Wednesday, 18 June 2014

Finding Your Mojo Spread

I've been rather lacklustre of late, and I wanted to get a little insight so out came the tarot cards. I came by this spread by way of Greylady's Hearth. I realised I don't post much tarot related stuff on this blog anymore since I create my tarot-specific blog but I'm going to try to post stuff more often. I decided to use my Wildwood Tarot for this spread because it is the one that I am most connected to (well this deck and my Dragon deck) and since it is more spiritually oriented, I thought it the best to go to for answers.



Finding Your Mojo

Card #1 (Here is where my mojo is hiding)

The Pole Star

The Pole Star of prophetic guidance and inspirational knowledge has risen and will guide you on your forthcoming journey through the forest”.

This is my Mojo, universal lore, higher spiritual knowledge and power. This is where I gravitate to when I need to find inspiration or understand something. Knowledge. Somehow I’ve disconnected myself from that and I was always at my happiest when learning and putting that learning into practice. I need to get back to the core of who I am and begin learning, allowing any growth I experience come from that powerful source – knowledge.

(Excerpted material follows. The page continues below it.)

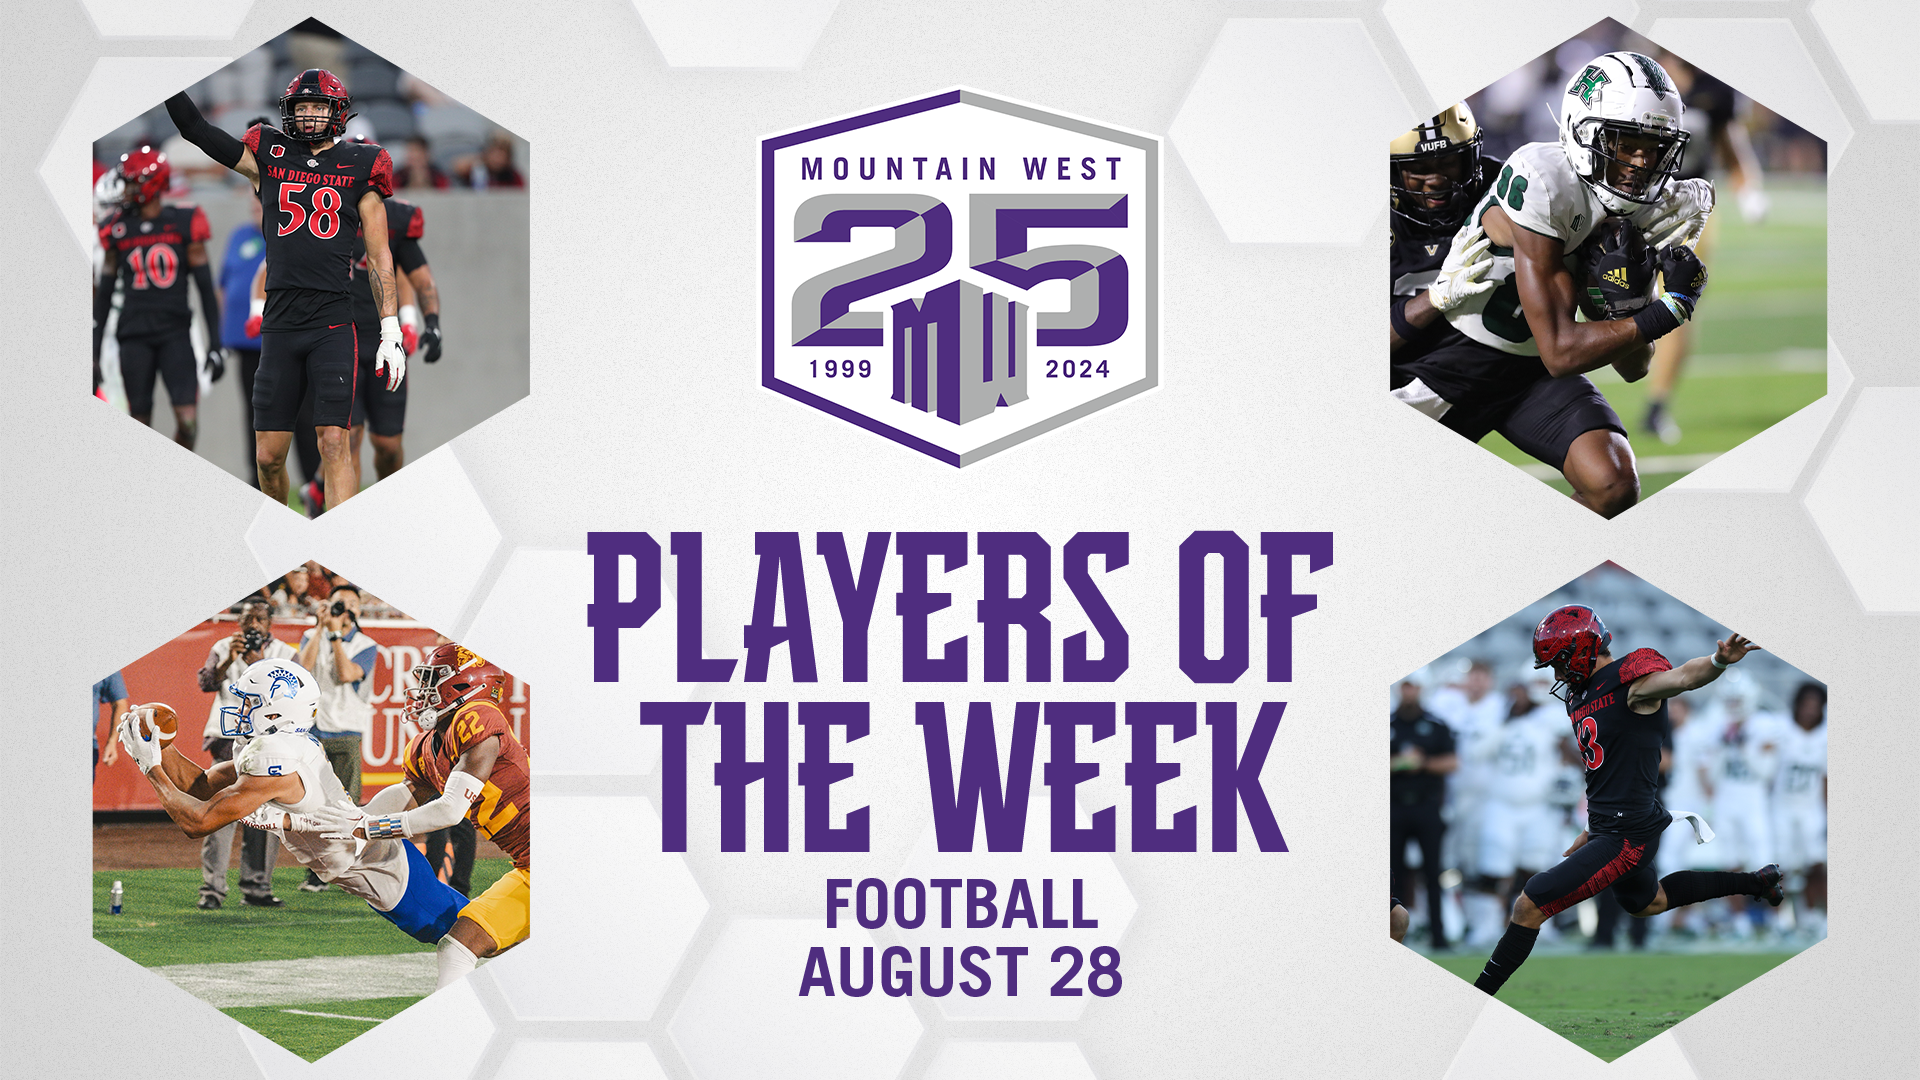 MW Football Players of the Week - August 28

Card#2  (Here is what is getting in my way)

Nine of Bows – Respect

What is getting in my way is my lack of true dedication to the path I am walking. When I come to a challenge I tend to walk away rather than see the challenge through, simply because it is easier. I tend to lack self discipline and focus (a flaw I am well aware of) and allow negative thoughts to circumvent any action. I need to let go of the past and begin to apply myself to whatever I undertake in order to find the inspiration and motivation I currently lack.

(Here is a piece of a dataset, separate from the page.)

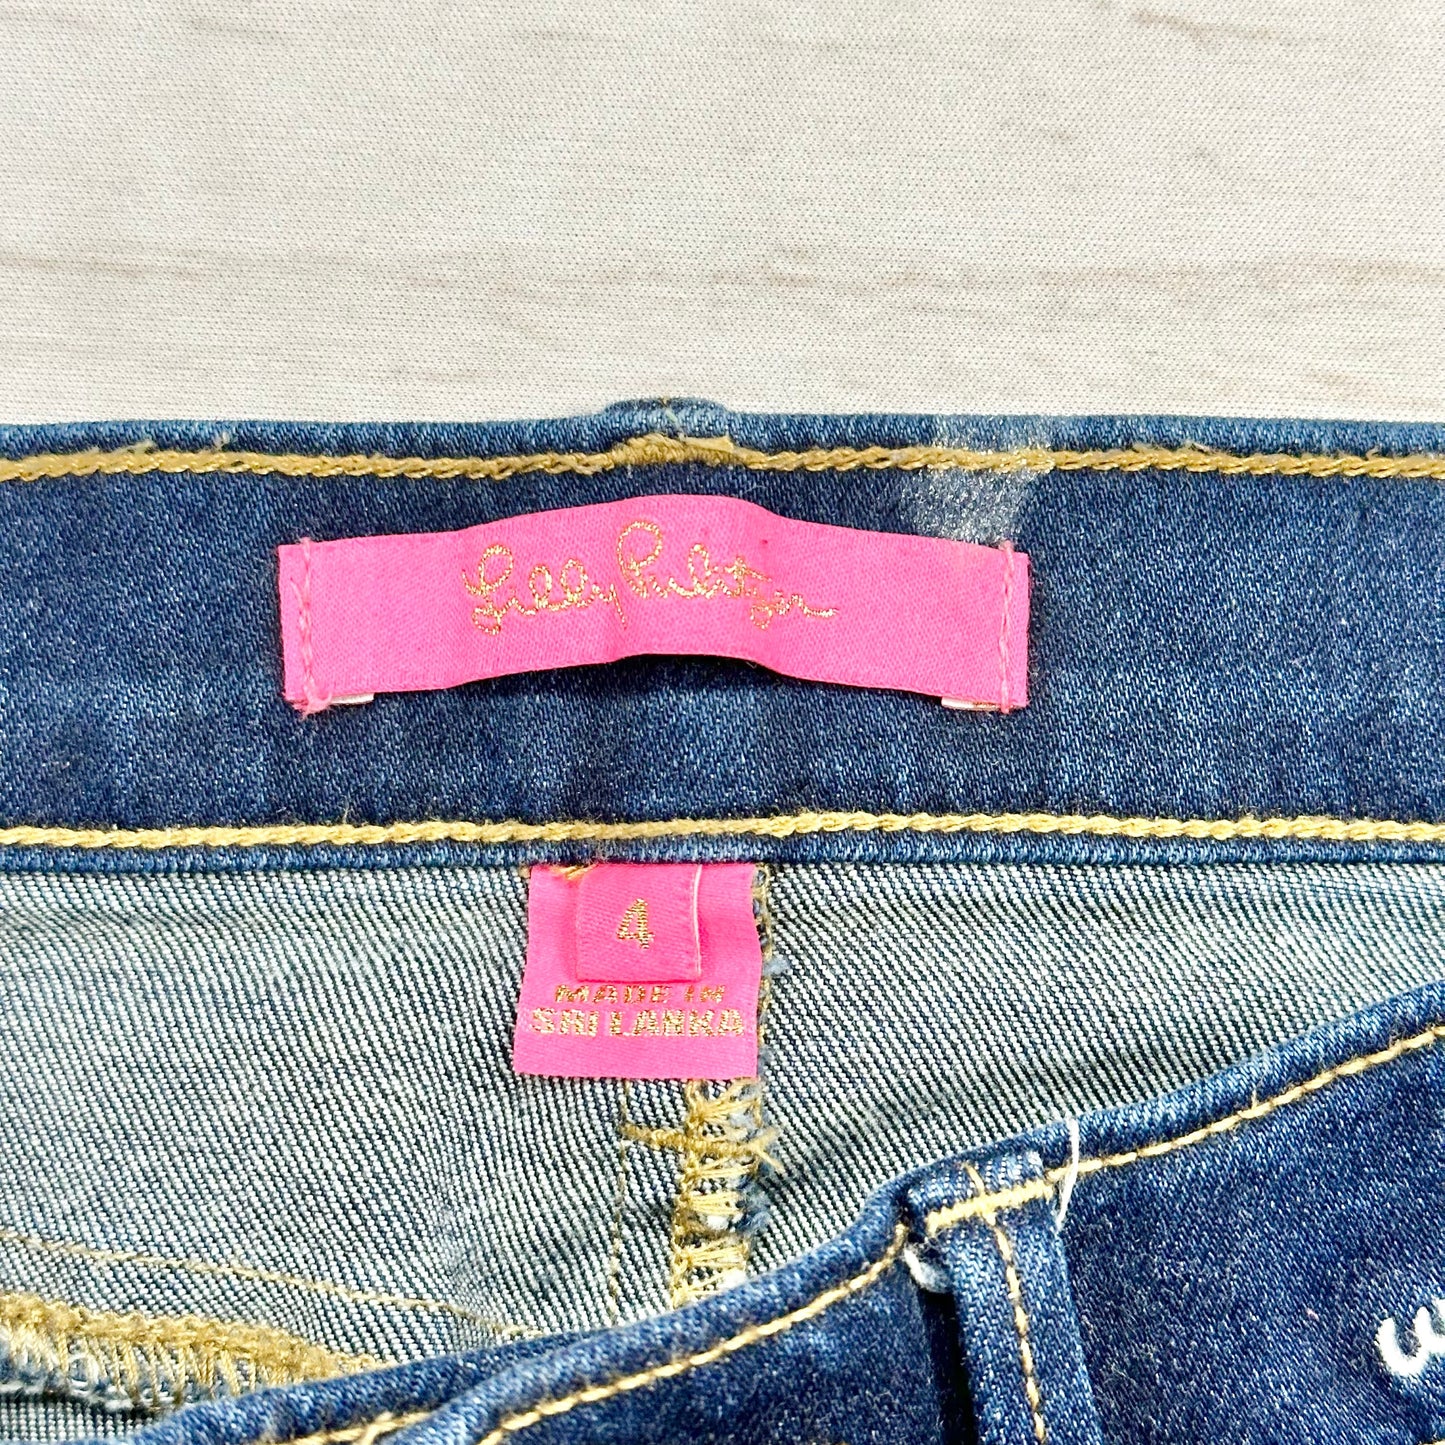 Jeans Designer By Lilly Pulitzer  Size: 4

Card#3 (Here is my solution. Do it now!)

Ace of Arrows – The Breath of Life

Follow through! That is what I need to do. Instead of leaving something and moving on to the next thing, I have to finish what I do. I have to get past my lack of confidence in my abilities and processes, the primal energy of the universe can be worked with, can be summoned to help create and I need to remember this. 

I am my own worst enemy I think is the general gist. I am the one who is capable of accomplishing my dreams but I get in my own way and fear failure. By letting go of this and seeing things through, whether or not they come out just right, is the first step to finding the passion and inspiration I lack. I love learning, and what is learning but doing and doing to the end whether you fail or succeed? 

Monday, 16 June 2014

Seasons of Change


I read this post and it spoke to me. As I progress further in my path I am beginning to see that as the world changes, my practice changes; especially with the climate issues battering the world. The original calendar really doesn’t apply anymore. It has become evident to me that I must throw any notion of that calendar out the window and truly pay attention the land and climate around me in order to truly connect with seasons and the land. The calendar of Sabbat dates is fast becoming irrelevant because the Earth has changed, her cycles are not as they were with our ancestors, I’m not even sure our ancestors would recognise the land we live in today.

The seasons here have been interesting, a hotter than average summer, a deluge of almost never before seen proportions on one day in February followed by a sudden and unusual greening because of the moisture in the land. Autumn actually came swiftly but somehow lasted longer than it has previously. May saw some unusually warm weather after a fairly cool April, thankfully it was just gentle warmth. Nothing too spectacular or unpleasant. June has been cool but not the winter I had hoped for. As yet we’ve not experienced anything truly cold, it has been very wet so far though, which was a surprise considering it has been predicted that winter will be warmer and drier than normal.

The winter solstice is in less than a week, but I don’t feel it, I don’t feel that the time is quite right. We are not celebrating the renewal of the sun or the dark half of the year giving way to the light. We’ve barely experienced the dark half of the year yet. There is comfort in tradition, but when the tradition does not match the reality, sometimes it can confuse and confound. It has been something of a revelation looking to something other than tradition to begin building a more authentic self practice. I generally only celebrate the solstices and equinoxes, rarely the other four sabbats. However, for each Sabbat I do cook dinner for my family, this has become somewhat of a tradition and one I embrace.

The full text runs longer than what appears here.